Halloween Extravaganza: Paul Flewitt: Clive Barker, Dark Dreamer Pt 2

Clive Barker, Dark Dreamer:
A Retrospective
Part 2

1988 proved to be another busy year for Clive Barker, as another Hellraiser movie was needed and more books needed to be written. He gave up the director’s seat for Hellraiser 2, offering his friend, Peter Atkins, the opportunity to write it. Clive acted as executive producer for Hellbound, whilst pursuing another movie project in Nightbreed. He was also working on a new novel, eager to capitalise on the UK success of Weaveworld.

1988 was a year of creation, but he still managed to release another seminal work, the book that became the unintended blueprint for the movie that would become Nightbreed.

Barker had actually intended to release Cabal as part of another collection of short stories; in fact, it has been released along with other stories from Books of Blood Volume 6 in the US. In the UK, it was released as a novella, the intention being to release a series of connected stories outlining the mythology of the lost breed. That has never, up to now, materialised, but has given rise to graphic novels, unauthorised anthologies, and the aforementioned movie. What it has become in the intervening years is a cult classic, giving rise to TV programmes like Buffy The Vampire Slayer and movies like Twilight, where the monster can be the sympathetic character and the humans the true monsters. Here, Clive Barker was truly ahead of his time.

Cabal (1988)

Aaron Boone is a man suffering with mental health issues which often lead to him having blackouts.

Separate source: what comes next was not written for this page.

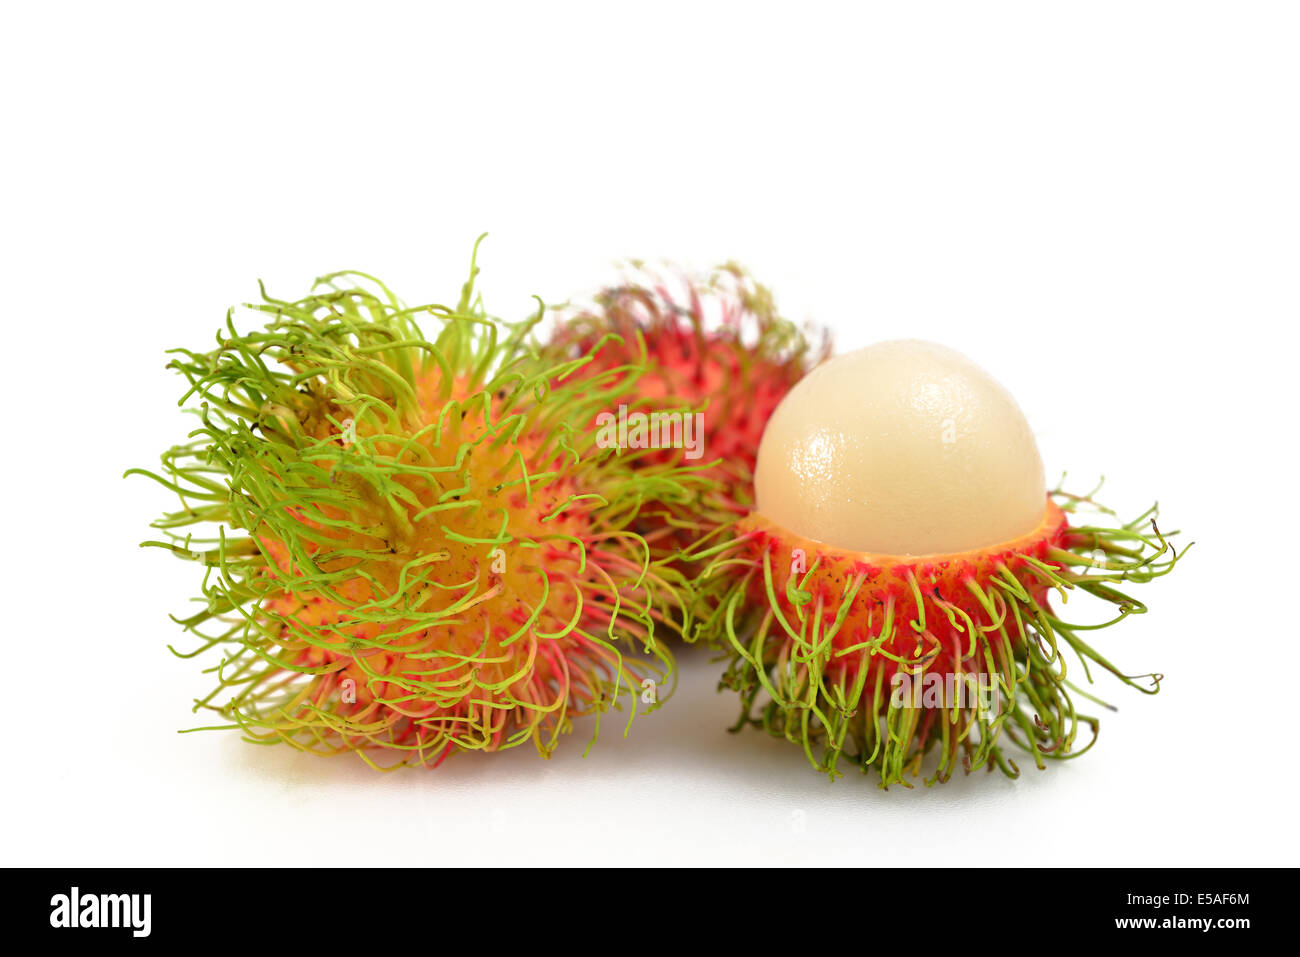 Rambutan fruit isolated on white Banque D'Images

In order to combat his illness, he has turned to psychiatrist, Phillip Decker. During a crisis Boone visits Decker, where the psychiatrist shows him a deck of photographs from crime scenes, crimes which Decker insists Boone committed. The good doctor promises to cover for Boone, just as long as he takes the medication that Decker prescribes. Confused, scared, feeling guilty, and high on the medication that Decker has given him, Boone attempts to commit suicide and throws himself under a truck… but he is not killed and wakes up in a hospital.

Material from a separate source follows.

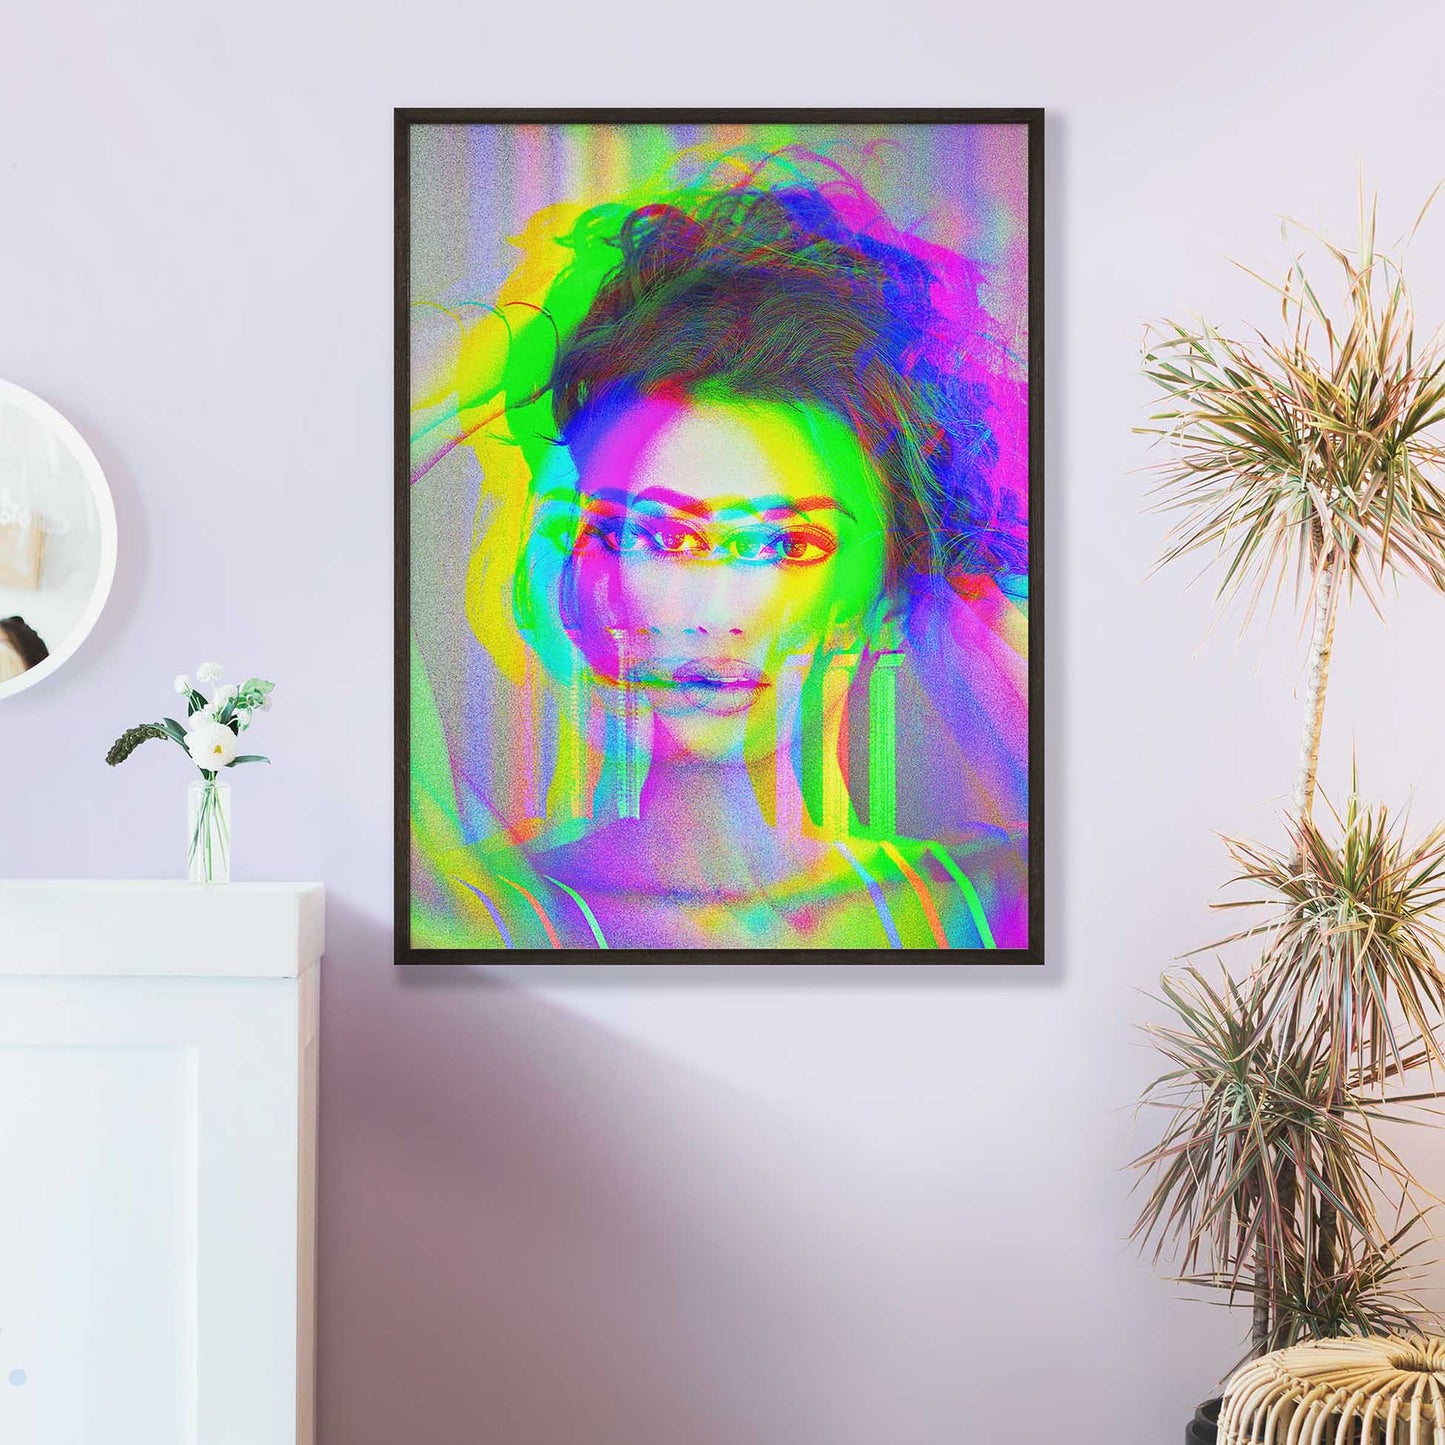 Embrace the Future of Art: Stay ahead of the curve and embrace the future of art with this innovative anaglyph 3D print. Its cool and contemporary design pushes boundaries, making it a statement piece that reflects your forward-thinking

In his hospital room is a man named Narcisse, who mistakes Boone for an envoy of a place called Midian. Narcisse insists that he is worthy and begs Boone to take him there, and to prove his worth he is prepared to show Boone his true face. Narcisse sets to work slicing off his own face as an act of faith, and Boone flees in fear of being blamed for the man’s injuries. What Narcisse has given Boone is a destination: if he is a monster, then why not go where the monsters live?

Boone finds Midian, a huge graveyard and necropolis in the north of Canada. He approaches the gates and is met there by Peloquin, a half-man, half-reptile hybrid. Boone tells him of his crimes, and Peloquin laughs and tells him that he is innocent and natural… he is meat. Peloquin bites Boone, and the bite awakens something in Boone’s senses. He flees from Midian and hides in a ghost town, shunned by the monsters and fearful of humanity, he hunkers down. The police arrive, led by Decker, and corner Boone, shooting him at the order of the psychiatrist who has now blamed Boone for the murders in the photographs.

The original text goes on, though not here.